We sincerely thank all reviewers and ACs for their invaluable comments and the approval of originality. The code of this work is available.

1.Using alarger dataset(R1&R2&R3) We supplemented an experiment on the Liver and Tumor Segmentation (LiTS) dataset, a large-scale dataset with 103 CT scans for training and 27 CT scans for test.

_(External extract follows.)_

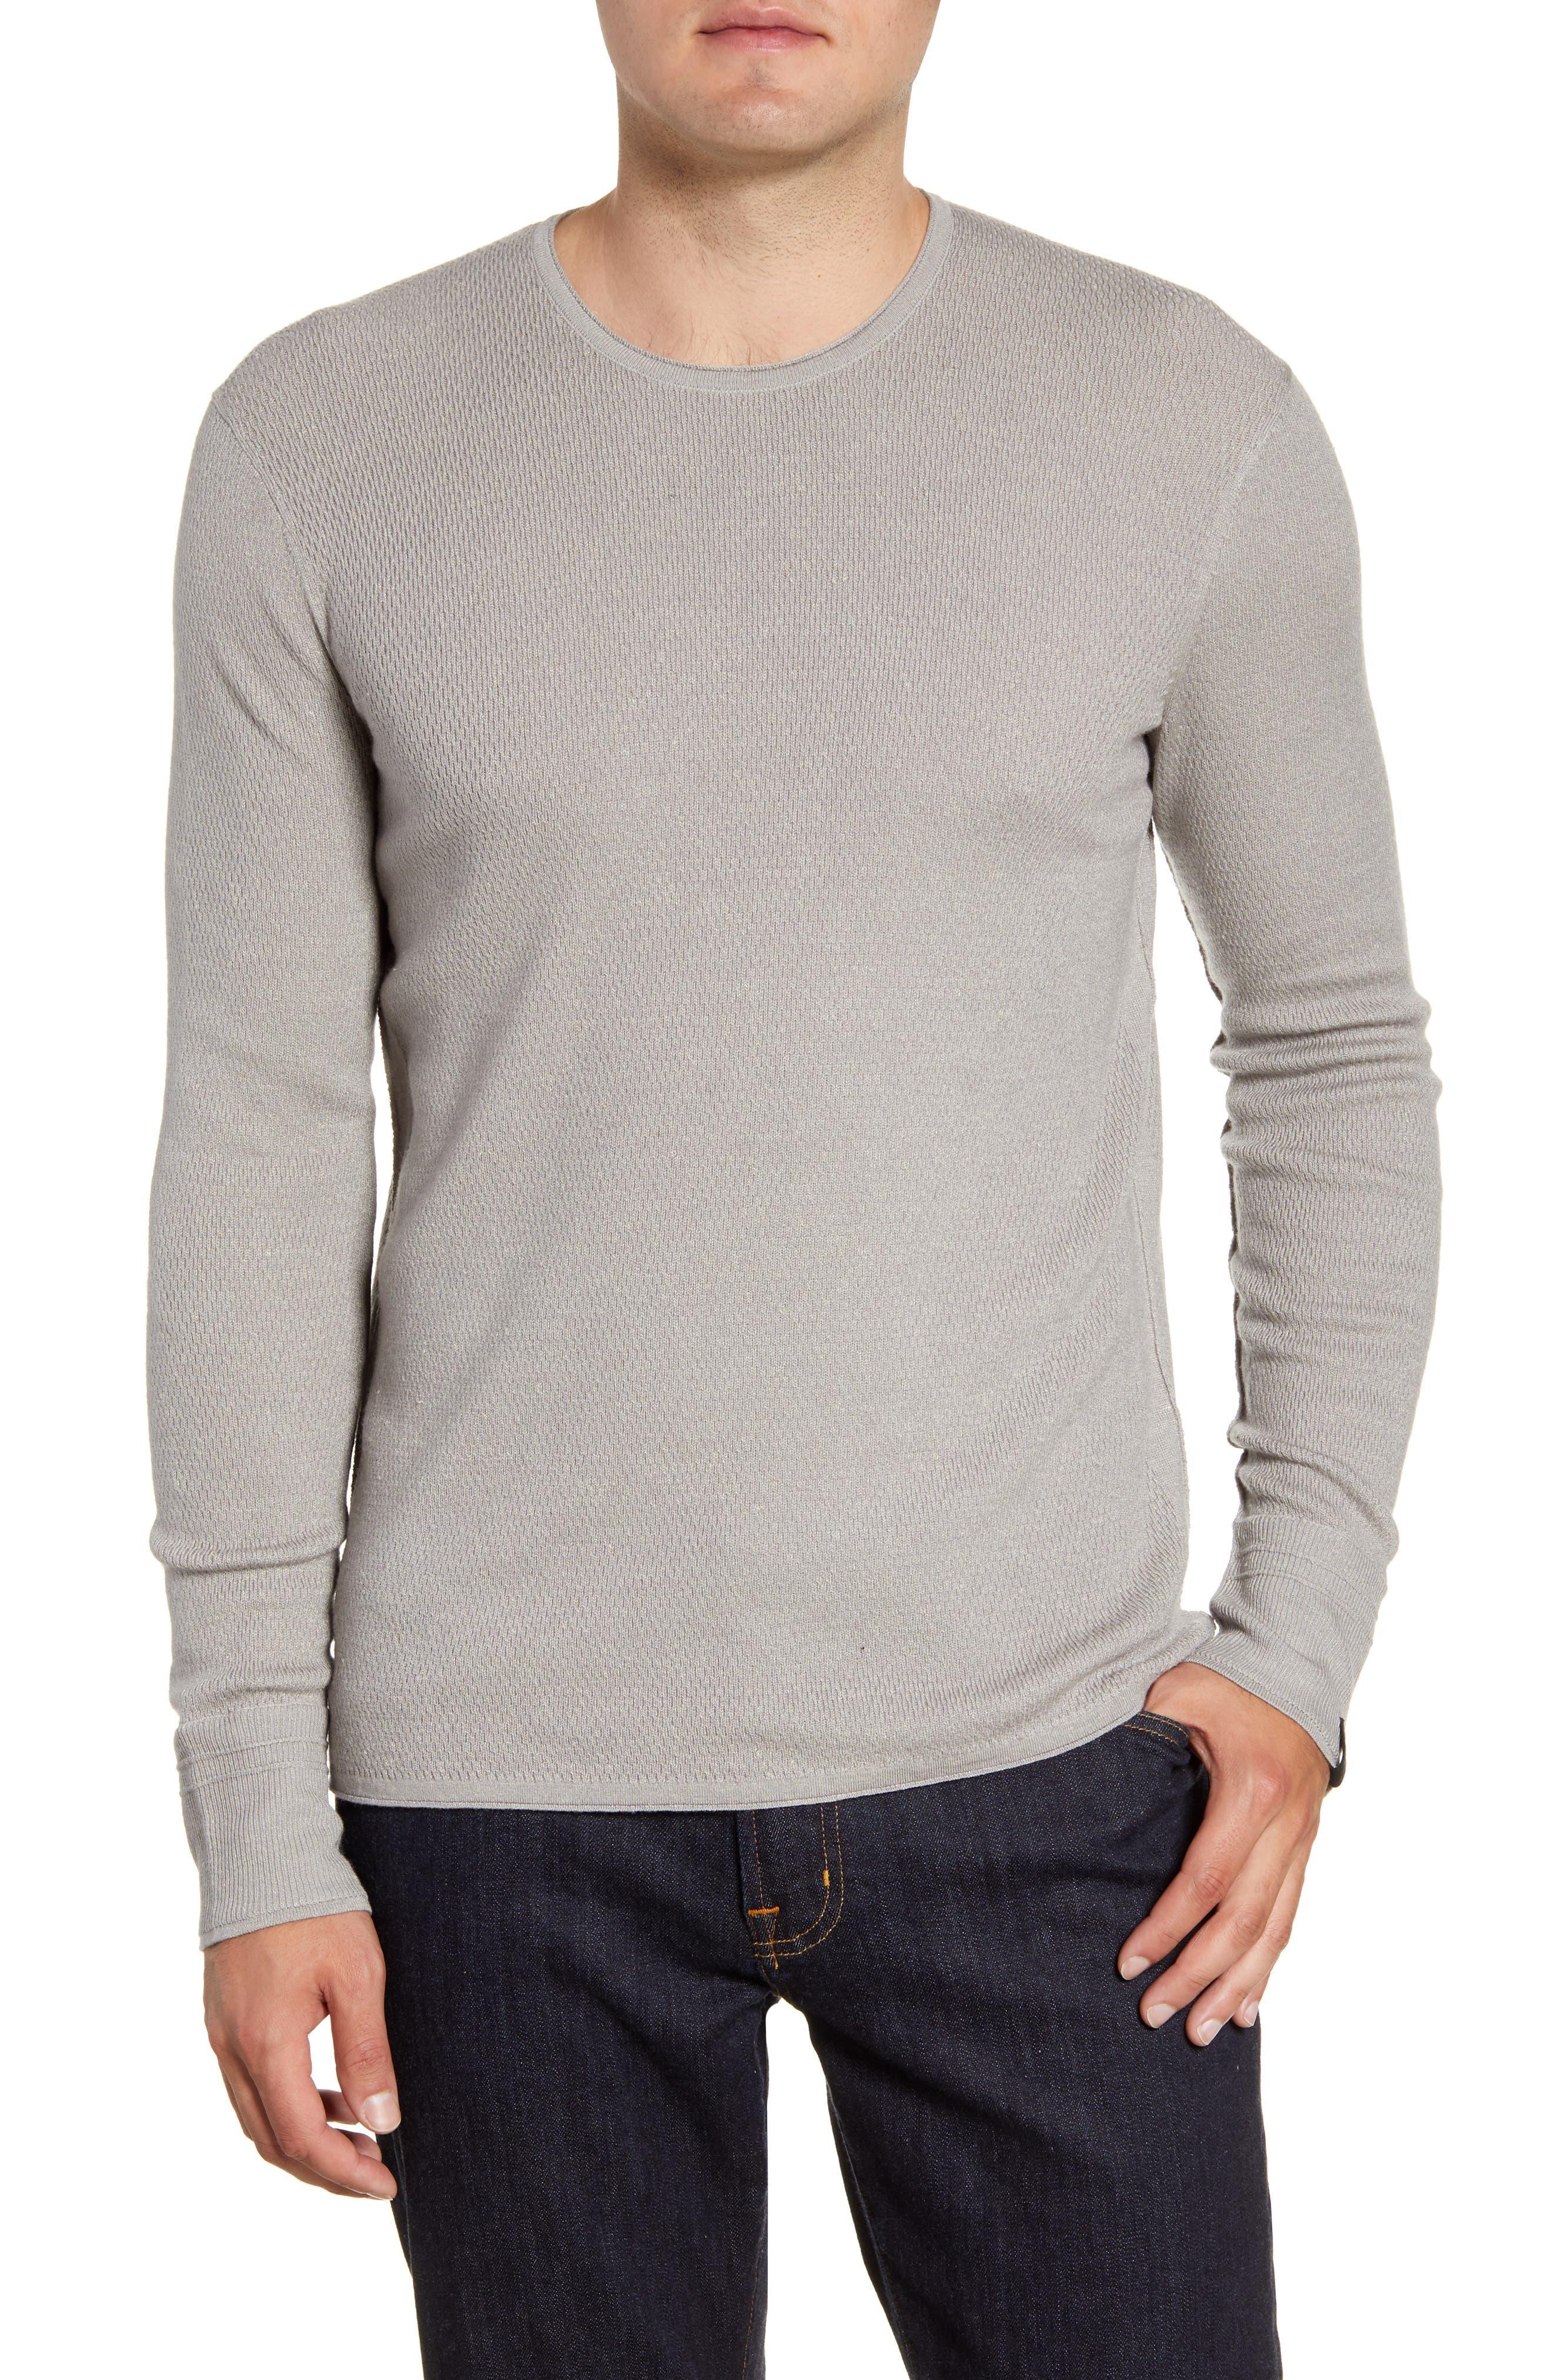 Image of Rag & Bone Davis Slim Fit Crewneck Sweater

Here are the obtained average Dice and Hausdorff distance (HD).

SETR (ViT-B/16-pre)=>LD:94.15%, TD:58.84%, LHD:14.19, THD:44.99 CoTr w/o CNN-encoder=>LD:95.73, TD:66.37, LHD:4.67, THD:19.80 TransUnet=>LD:96.08, TD:67.17, LHD:4.56, THD:19.04 CoTr=>LD:96.56, TD:68.92, LHD:4.08, THD:16.93 *LD: Liver Dice, TD: Tumor Dice, LHD: Liver HD, THD: Tumor HD

It reveals that our CoTr consistently surpasses other three methods on both liver and tumor segmentation, demonstrating again the advantages of CoTr over the pure Transformer encoder, pure CNN encoder, and vanilla Transformer.

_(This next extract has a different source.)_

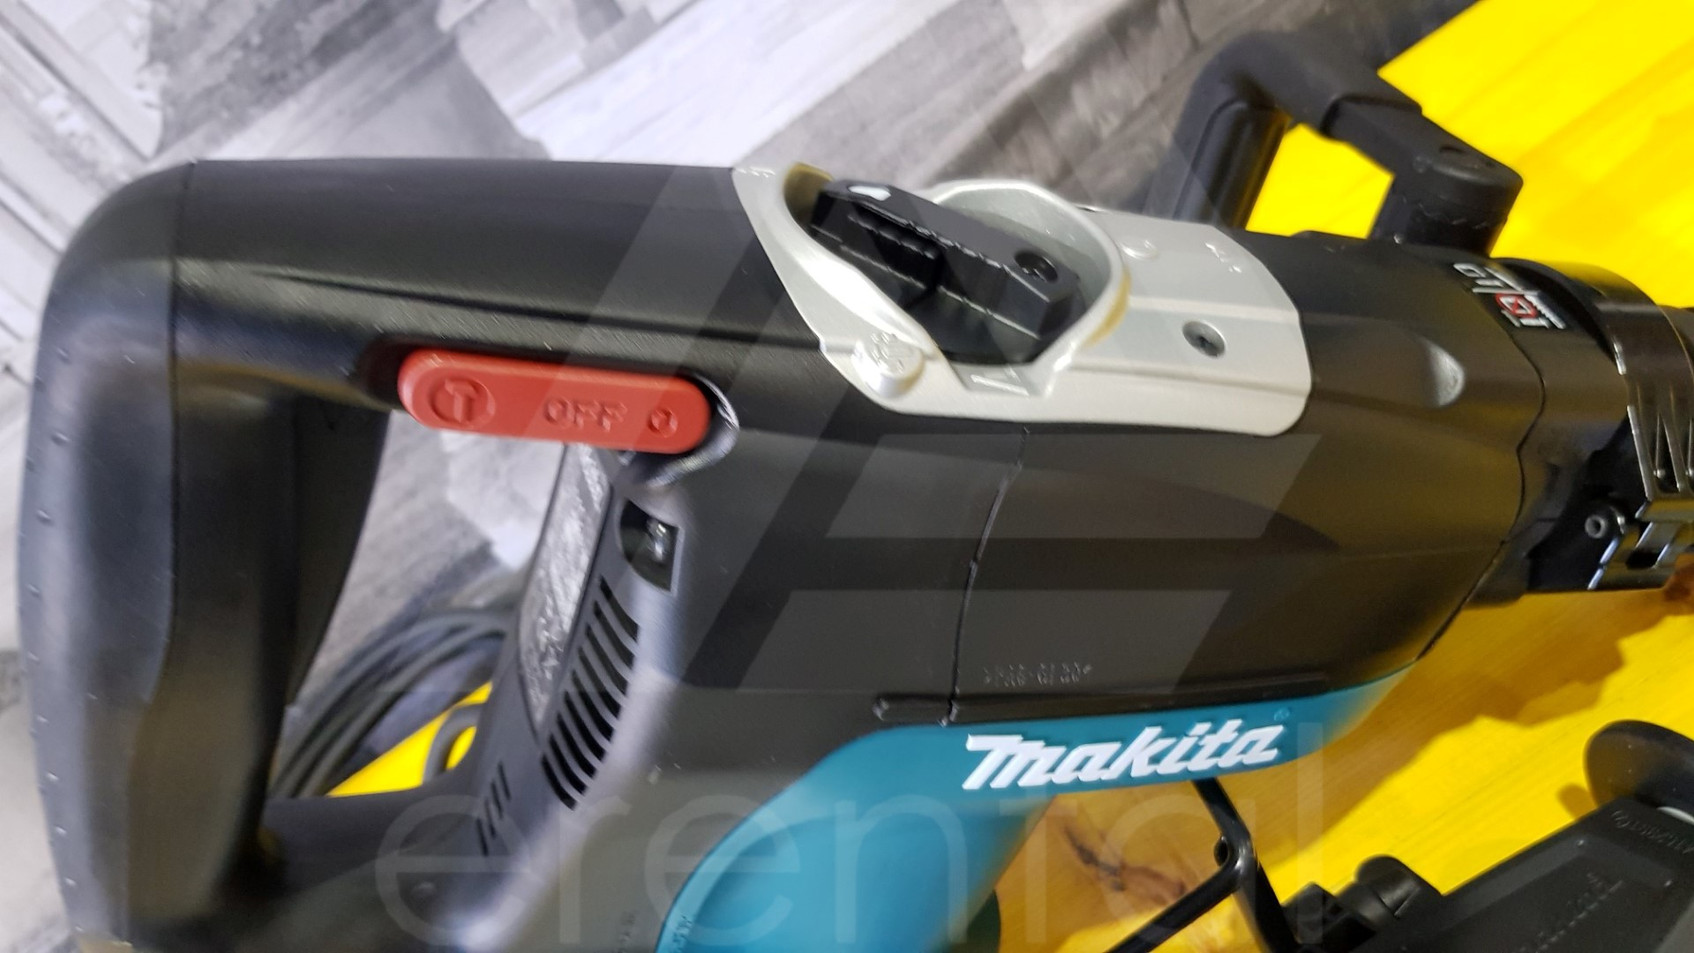 Martello demolitore MAKITA HR4001C

2.Using more metrics(R1) We used another metric, HD, to measures the degree of mismatch between the predicted boundaries and ground truth. Here are the HD values to be supplemented to Table 1.

SETR (ViT-B/16-rand) =>7.47 SETR (ViT-B/16-pre) =>8.47 CoTr w/o CNN-encoder=>7.23 CoTr w/o DeTrans=>5.18 APSS=>4.85 PP=>5.10 Non-local=>4.70 TransUnet=>4.77 CoTr∗=>5.04 CoTr†=>4.39 CoTr=>4.01

3.Modules are well-established(R2) Despite using well-established modules, our CoTr is the first to explore Transformer for 3D medical image segmentation in a computationally and spatially efficient way. During the research upsurge of applying Transformer to CV, the application to 3D scenarios, e.g., 3D medical image segmentation, is rare due to high complexity. We introduce 3D deformable self-attention via focusing only on a few key sampling points to alleviate the computation. Thus, it is possible for the Transformer to process the multi-scale feature maps and keep abundant high-resolution information for segmentation. The results show that our CoTr significantly beats the competing CNN-based, Transformer-based, and more recent TransUNet models, suggesting our contribution to the field.

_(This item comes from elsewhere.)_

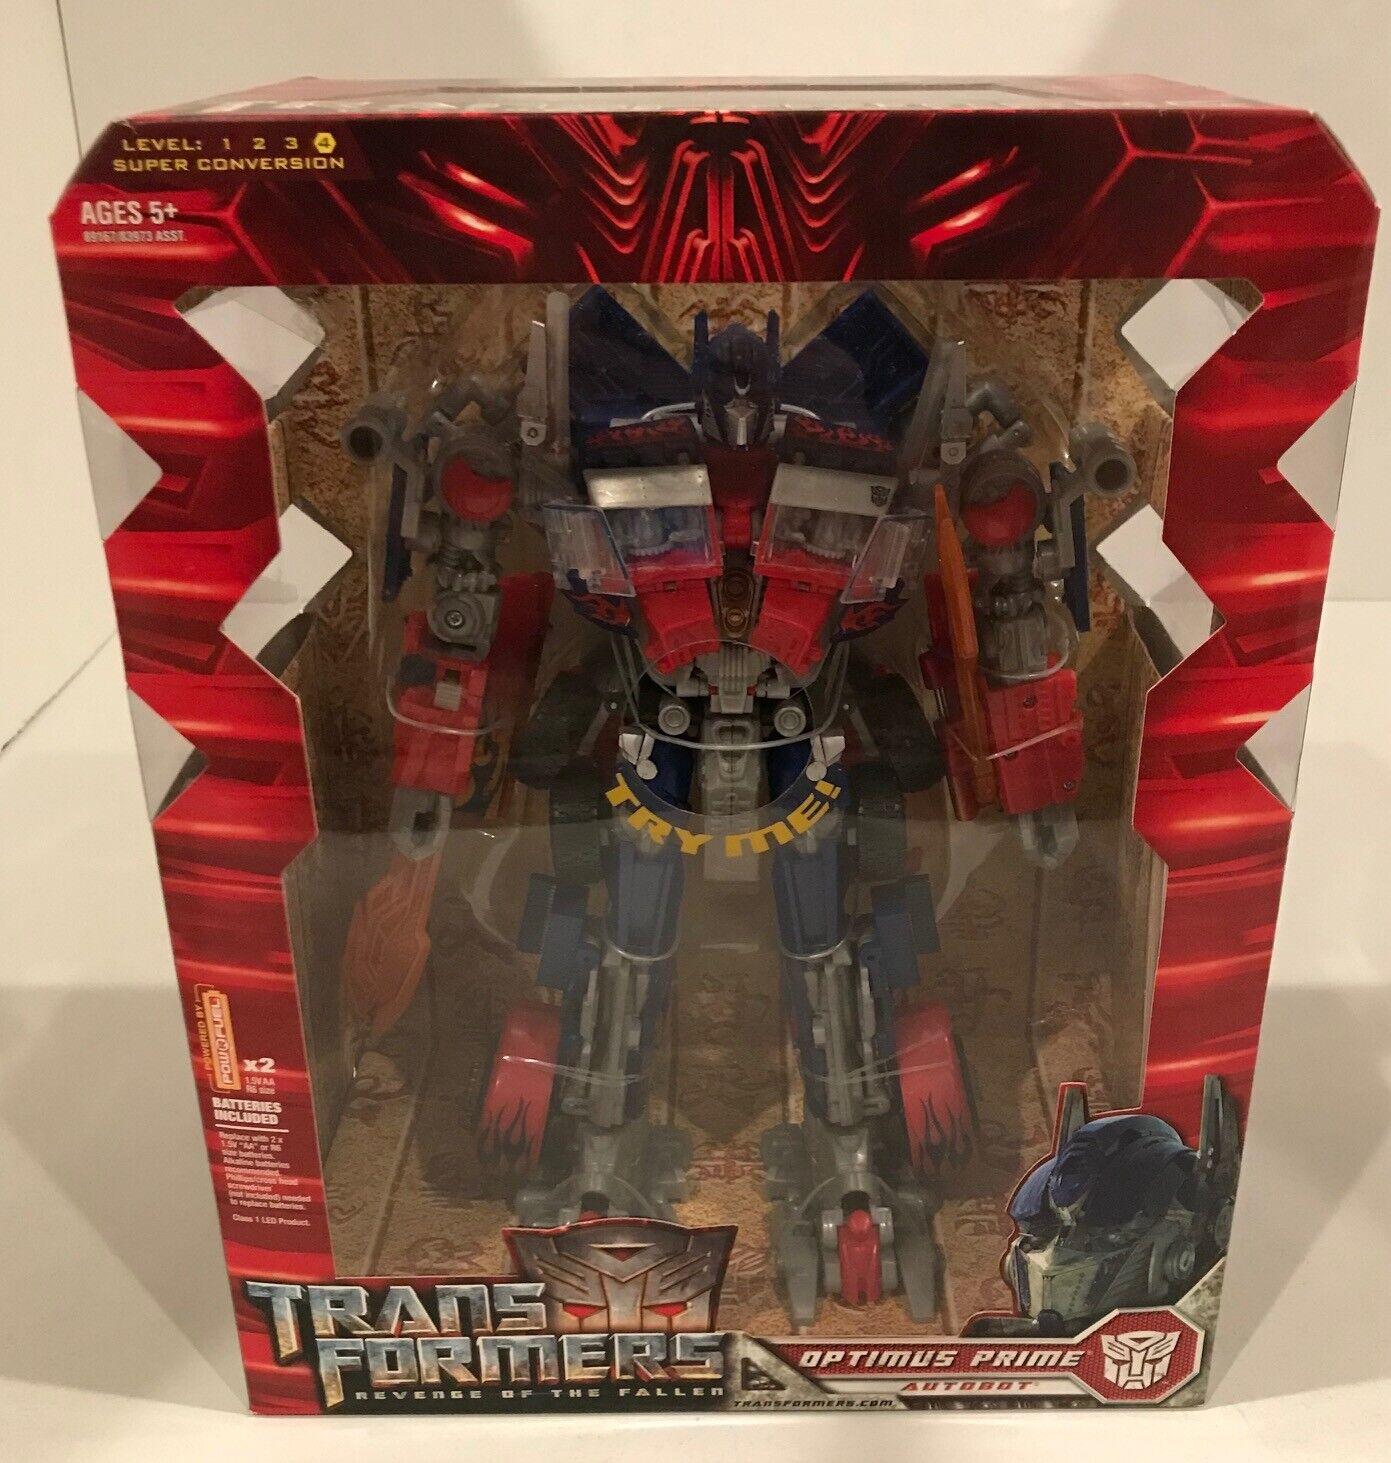 2008 Hasbro Transformers Revenge of the Fallen Leader Optimus Prime Autobot Comme neuf IN BOX

  1. Benefit of deformable transformer (DeTrans) over vanilla transformer (VaTrans)(R3) The benefit of DeTrans stems from the 3D deformable attention mechanism, which enables the model to focus on a few sparse positions, instead of all positions (in VaTrans). Thanks to this mechanism, our CoTr can characterize the long-range dependency in multi-scale features, which plays a critical role in segmentation. The superiority of DeTrans over VaTrans has been demonstrated by comparing TransUNet and CoTr in Tab.1 and Fig.2 (in Appendix). We used the same 3D CNN-encoder and decoder in TransUNet and CoTr, but replaced all DeTrans layers with VaTrans layers in TransUNet. Limited by the computation and memory capacity, TransUNet with VaTrans is only able to process single-scale and low-resolution feature maps. By contrast, our CoTr with DeTrans can process multi-scale feature maps simultaneously, resulting in higher accuracy.

  2. Marginally beat TransUnet(R3) We performed the paired t-test to compare CoTr over TransUnet, and obtained a p-value of 0.035 on the BCV dataset. It suggests that the performance gain of our CoTr over TransUnet on this dataset is statistically significant.

6.Performance gain comes from 3D operations(R3) The Dice reported in the TransUnet paper (using 2D pipeline) is only 55.9% for pancreas segmentation, while our reproduced 3D TransUnet obtains a Dice of 81.6% on the same dataset. For fairness, we implemented both TransUNet and CoTr using a 3D pipeline, i.e., using the same 3D CNN-encoder and decoder. The results on BCV (Table 1) and LiTS (supplemented) indicate that our CoTr steadily beats TransUNet, and the performance gain is statistically significant.

7.Decoder in SETR(R3) The best-performing SETR decoder with a progressive upsampling strategy was used.

More details (e.g., meta-information of CT scans, loss, and visualizations) will be provided.




Post-rebuttal Meta-Reviews

Meta-review # 1 (Primary)

  • Please provide your assessment of the paper taking all information into account, including rebuttal. Highlight the key strengths and weaknesses of the paper, clarify how you reconciled contrasting review comments and scores, indicate if concerns were successfully addressed in the rebuttal, and provide a clear justification of your decision. If you disagree with some of the (meta)reviewer statements, you can indicate so in your meta-review. Please make sure that the authors, program chairs, and the public can understand the reason for your decision.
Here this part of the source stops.